Actual business analysis cases (business analysis, of course). Simply put: 1. Survival model is the most commonly used model in biostatistics. Studying the healing and death time of diseases can be used to test whether some drugs and treatments are effective. When it is applied to business, for example, companies advertise to specific groups of people, and they click and watch through different channels, then how long will it take them to decide to buy? Our definition: consumers don't buy =' alive', once they consume, they are' dead'. The next task is to study which advertising channel/combination is the most effective. 2. As for the cluster problem, the company put in many advertisements and made many promotions. Then a large number of consumers came to buy, which ones really saw the above publicity? If you don't know how to analyze which channel or combination of channels is the most effective. Cluster analysis is to solve this kind of problem. 3. Bayesian method, I wonder if you have ever known Bayesian analysis? It is a very popular direction in the field of statistics/machine learning. The main application is that artificial views can be integrated into the model when modeling. Combine qualitative and quantitative analysis results. This is very popular with people who do data analysis in the field of business analysis. There are many others, so I won't talk about them one by one.

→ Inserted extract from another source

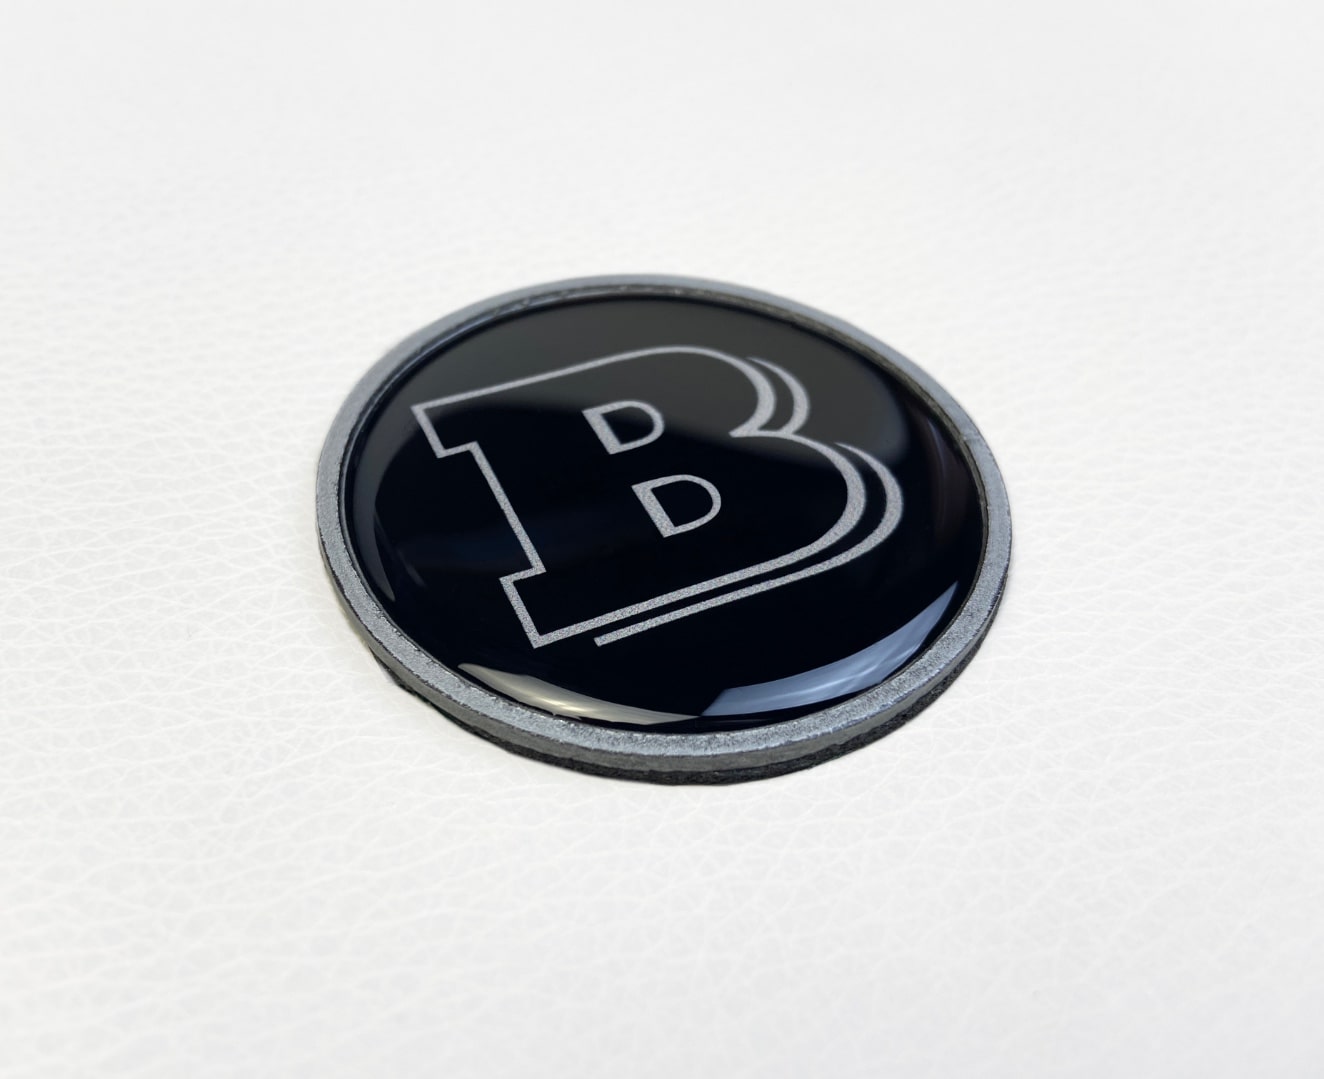 Metal Floor Mats Emblems Brabus Badge Logo for Mercedes-Benz W463
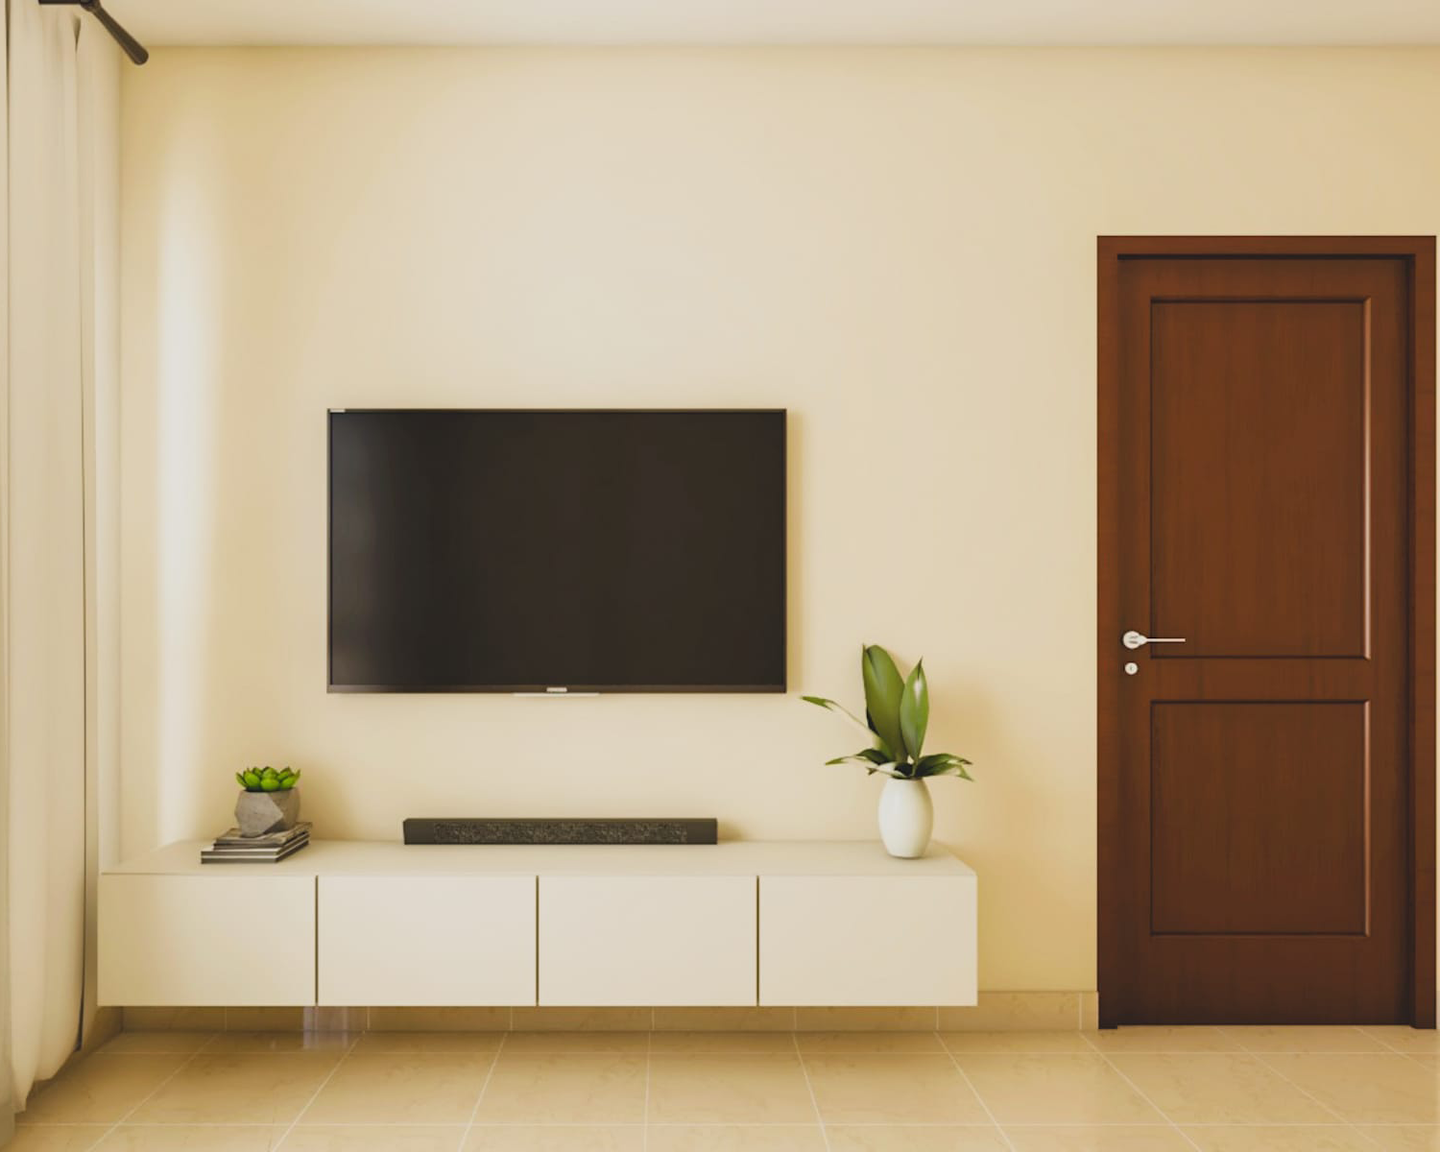 Minimal Master Bedroom Interior Design with Wardrobe and Dresser - Livspace

Finally, talk about your recent situation. The undergraduate background is still a little weak. If you want to get in touch with the above kinds of jobs, you need to go further. And if you want to eat well, it is best not to be confined to the field of statistics. After all, learning an applied subject and learning to consider problems from the perspective of application is more beneficial to career development. If you want to enter a higher school, you can consider studying for a master's degree in data analysis/business analysis. However, if you think the tuition is too high, in fact, a master of statistics is also a good choice. If you teach yourself, there are also many good courses on coursera. As for R/Python/SAS, knowing one is enough. Data analysis level programming, you can know one, and you can get started in another week.

Finally, share a link: graduate programs in big data analysis and data science. It lists the postgraduate majors in data analysis offered by universities around the world, as well as various paid/free online courses.